Algorithme thérapeutique des cancers bronchiques non à petites cellules avec fusion ALK, ROSI et RET - 08/10/25

Les réarrangements d’ALK (3 à 7 %), de ROS1 (1à 2 %) et de RET (1 à 2 %) différent épidémiologiquement des autres cancers bronchiques non à petites cellules et sont retrouvées plus fréquemment chez des patients plus jeunes, petit fumeur ou non-fumeur, et majoritairement des adénocarcinomes. Plusieurs partenaires de fusion sont identifiés pour chacun de ces gènes dont certains en commun. L’identification de ces altérations génomique est indispensable dès le diagnostic initial de CBNPC avancé afin d’optimiser le choix du traitement de 1^ère ligne et d’orienter les patients vers des thérapies ciblées efficaces et d’éviter des thérapeutiques inefficaces telles que l’immunothérapie en monothérapie ou des séquences à risque toxique. Chez les patients ALK, le standard de traitement de première ligne est le lorlatinib avec un taux de survie sans progression à 5 ans de 60 % et une efficacité cérébrale majeure. Les mécanismes de résistance postlorlatinib en 1^ère ligne semblent être indépendants d’ALKet la chimiothérapie reste pour le moment le standard. Pour les patients ayant reçu du brigatinib ou de l’alectinib, le choix du traitement de seconde ligne est basé sur la recherche de mécanisme de résistance. Le neladalkib, un inhibiteur de 4^ème génération est actuellement disponible dans le cadre d’un accès précoce. Chez les patients ROS1, le crizotinib est l’inhibiteur actuellement autorisé, bien que des molécules plus récentes, comme le taletrectinib ou le zidesamtinib (disponible dans le cadre d’un accès précoce), soient prometteuses. Enfin, chez les patients RET, le selpercatinib, est le traitement de référence dès la 1^ère ligne.

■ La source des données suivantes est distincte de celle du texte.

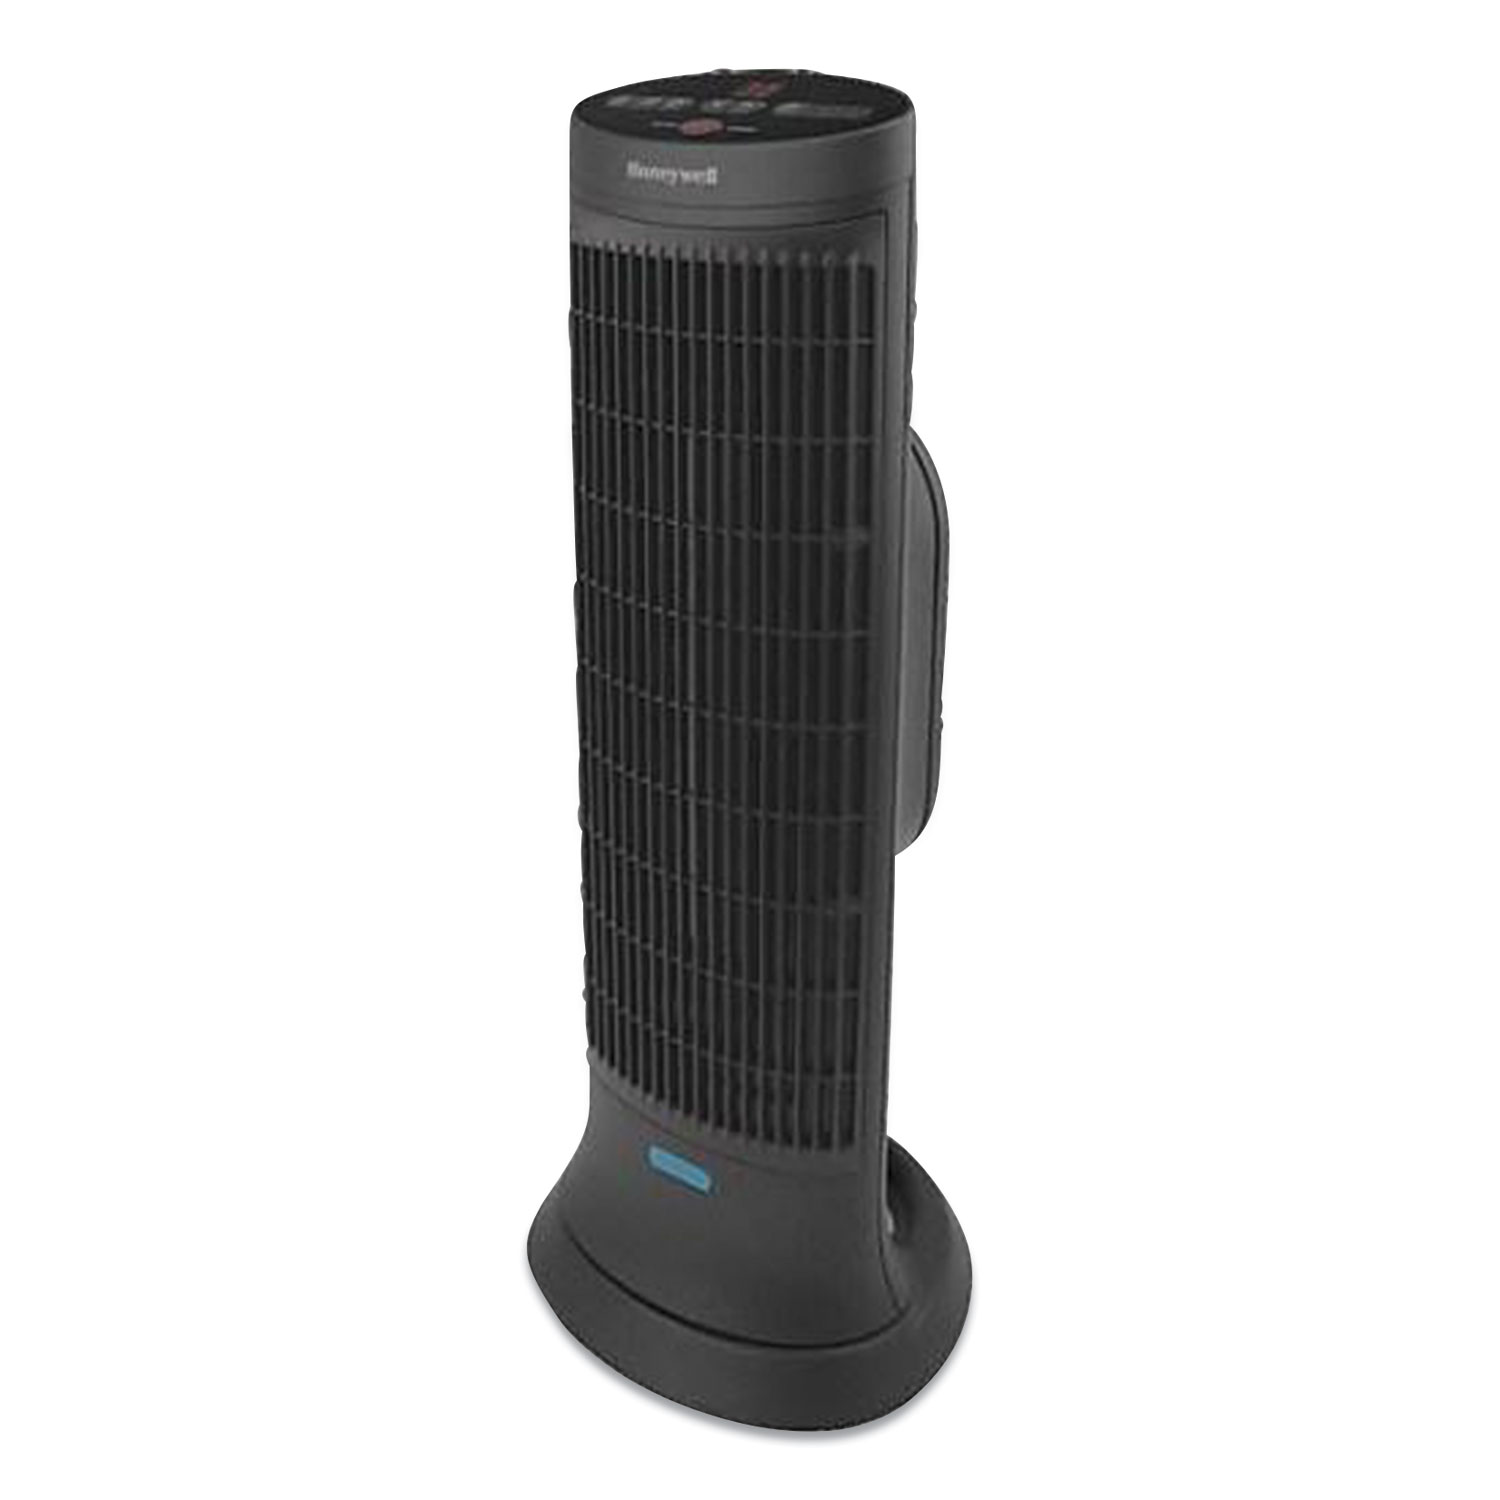  Honeywell HCE323V Digital Ceramic Tower Heater with Motion Sensor, 1,500 W, 8.7 x 6.69 x 23.15, Dark Gray (HWL1034670)

ALK (3-7%), ROS1 (1-2%), and RET (1-2%) rearrangements differ epidemiologically from other non-small cell lung cancers. They are more frequently observed in younger patients, light or never smokers, and are predominantly associated with adenocarcinoma histology. Several fusion partners have been identified for each of these genes, with some partners shared across targets. Identifying these genomic alterations at the time of initial diagnosis in advanced non-small cell lung cancer patients is essential to guide first-line treatment decisions, direct patients toward effective targeted therapies, and avoid ineffective strategies such as immune checkpoint inhibitors in monotherapy or potentially toxic treatment sequences. In patients with ALK rearrangements, lorlatinib is the first-line standard, with a 5-year progression-free survival (PFS) rate of 60% and remarkable intracranial efficacy. Post-lorlatinib resistance mechanisms in first-line therapy appear to be ALK-independent, and chemotherapy currently remains the standard second-line option. In patients previously treated with brigatinib or alectinib, secondline therapy should be guided by the identification of resistance mechanisms. Neladalkib, a fourth-generation ALK inhibitor, is currently available through an early access program. For ROSI-rearranged non-small cell lung cancers, crizotinib is the only approved targeted therapy to date, although agents such as taletrectinib and zidesamtinib (also available through early access) show promising activity. Finally, for RET-rearranged non-small cell lung cancers, selpercatinib is now the standard of care from the first-line setting, offering significant clinical benefit.